Megh earned a BSc in physics, Mathematics, and Chemistry from Allahabad University, Prayagraj, before obtaining a PhD in literature from Banaras Hindu University, Varanasi. He was a disciple of the scholar Acharya Hazari Prasad Dwivedi.

== Career ==
Megh began his career under the mentorship of the Hindi novelist and literary historian Hazari Prasad Dwivedi, who brought Megh to the Department of Hindi at Panjab University, Chandigarh.

There, Megh contributed to shaping the curriculum and mentoring students in Hindi literature. He later served at the Regional Centre for Education, Jalandhar, and subsequently at Guru Nanak Dev University, Amritsar.
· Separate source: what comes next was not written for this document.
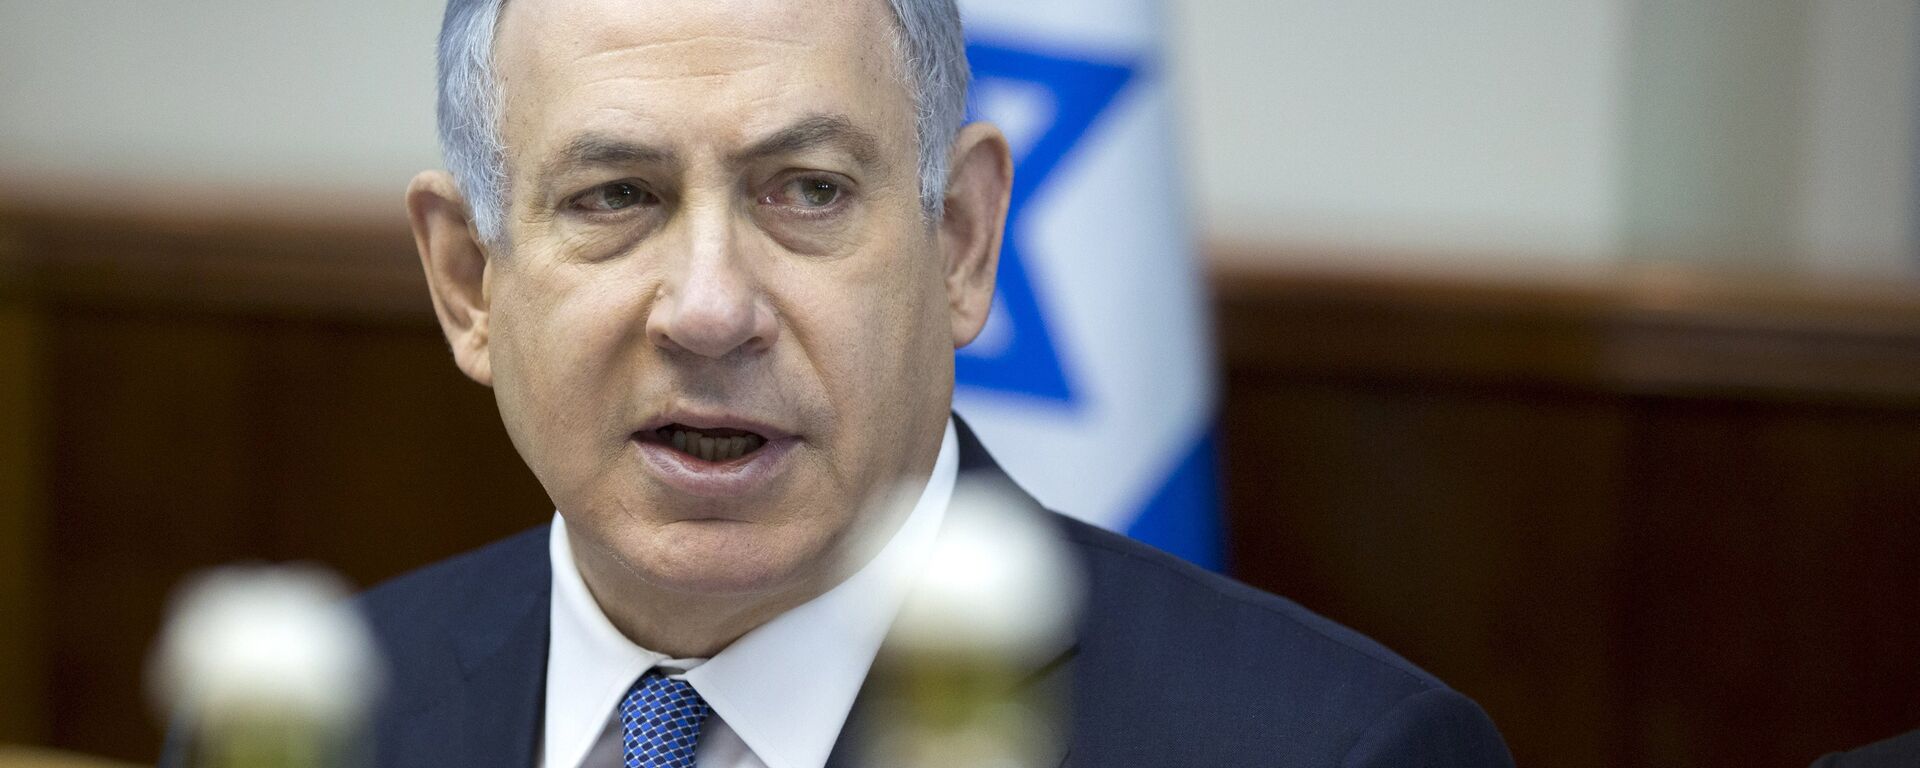 Benjamín Netanyahu, primer ministro de Israel - Sputnik Mundo, 1920, 13.04.2021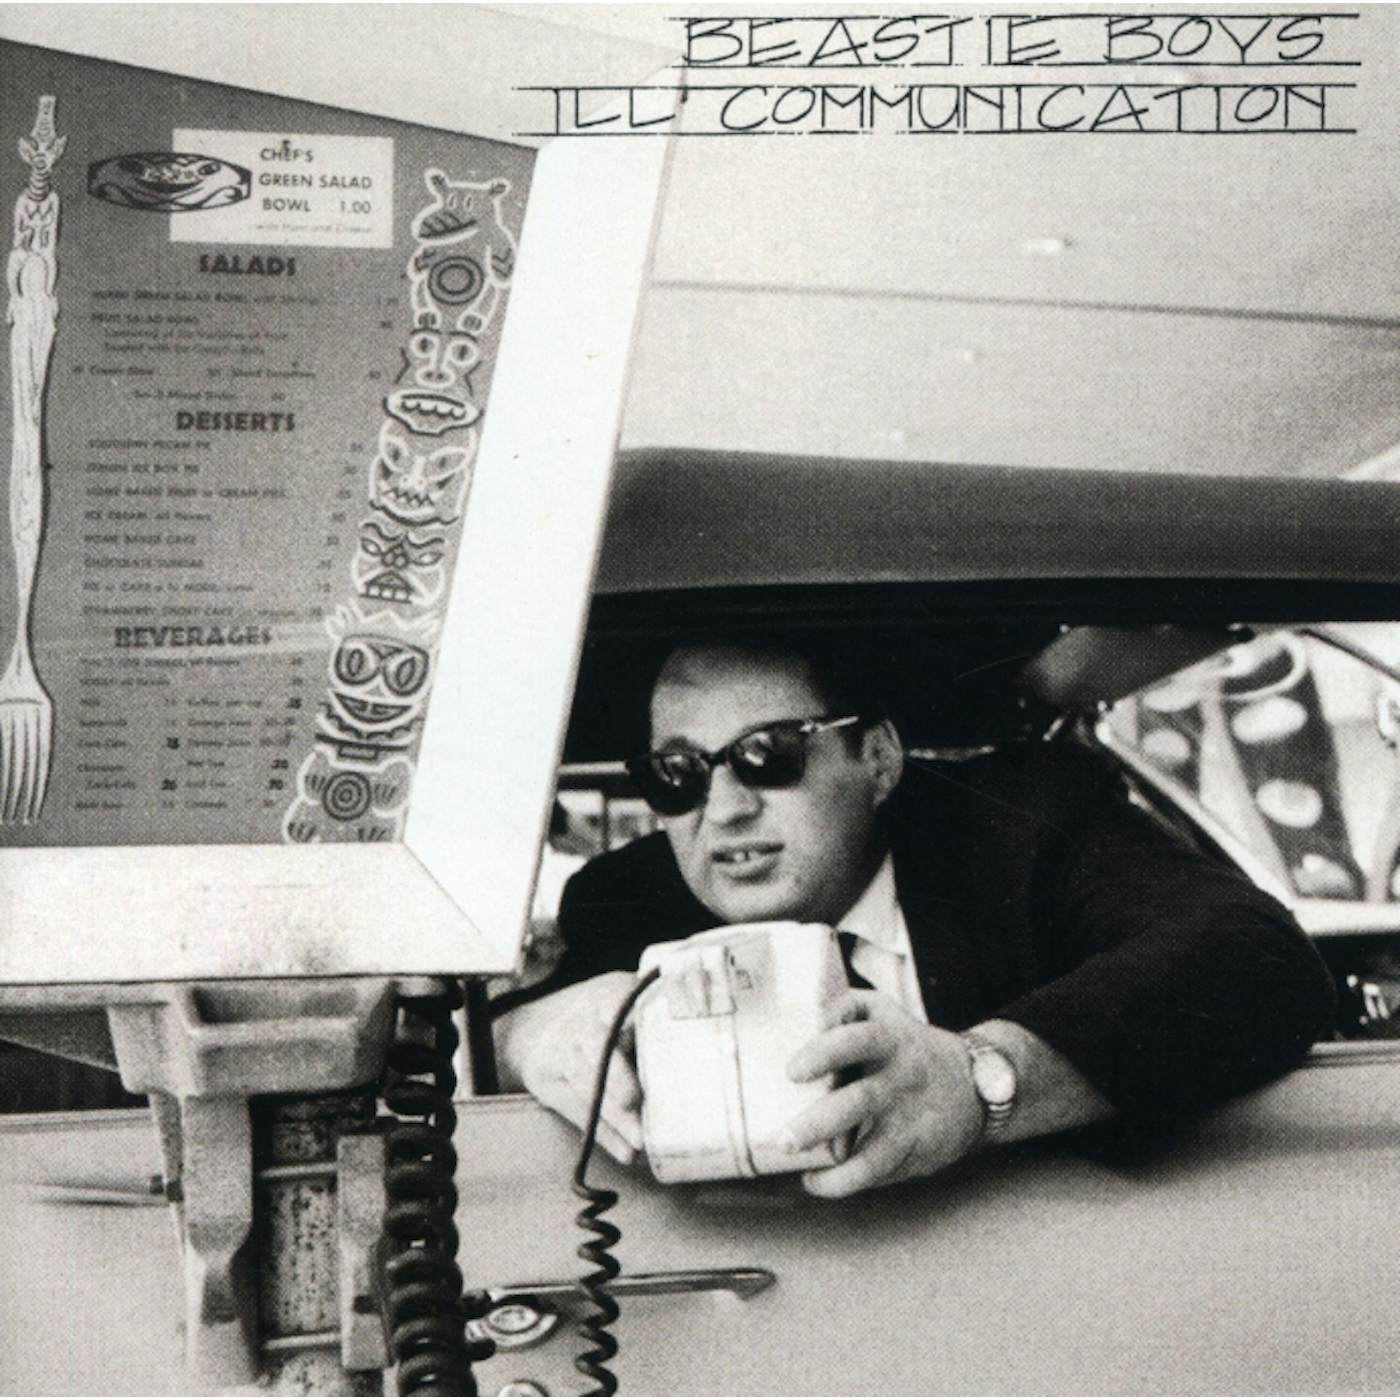 Beastie Boys ILL COMMUNICATION CD

As a critic, Megh was noted for expanding the scope of progressive criticism in Hindi literature, emphasising interdisciplinary approaches that integrated aesthetics and cultural analysis. His work Vishwa Mithak Sarit Sagar, published in 2016, is considered a seminal contribution to literary criticism, exploring global mythological narratives and their relevance to Hindi literature. The work earned him the Sahitya Akademi Award in 2017, recognising his contribution to the field.

Megh was also known for his mastery of Saundrabodh (aesthetics), as noted by poet Chander Trikha, who described him as a "master of aesthetics" who devoted his life to research and writing. His scholarly influence extended beyond academia, inspiring students and writers in Chandigarh and Punjab to engage deeply with Hindi literature.

== Personal life ==
Megh was married and had a daughter, Shiprali Megh, who survived him. Megh spent his later years in Chandigarh, where he remained active in literary circles until his health declined due to Alzheimer's dementia, which he battled for three years before his passing.

== Awards ==
Sahitya Akademi Award (2017) for Vishwa Mithak Sarit Sagar (Literary Criticism, Hindi)

== Selected works ==
- Samudra Se Uthata Pahad (2006)
- Vishwa Mithak Sarit Sagar (2016) – Literary criticism exploring global mythological narratives.

== Death ==
Megh died on 1 September 2023 at the age of 92 due to a heart attack in Sector 16, Chandigarh. As per his wishes, his body was donated to the Postgraduate Institute of Medical Education and Research (PGI) in Chandigarh for medical research.

His death prompted tributes from writers and scholars across Chandigarh and Punjab, with figures such as Punjabi poet Gurbhajan Gill praising his dedication and contributions to literary education.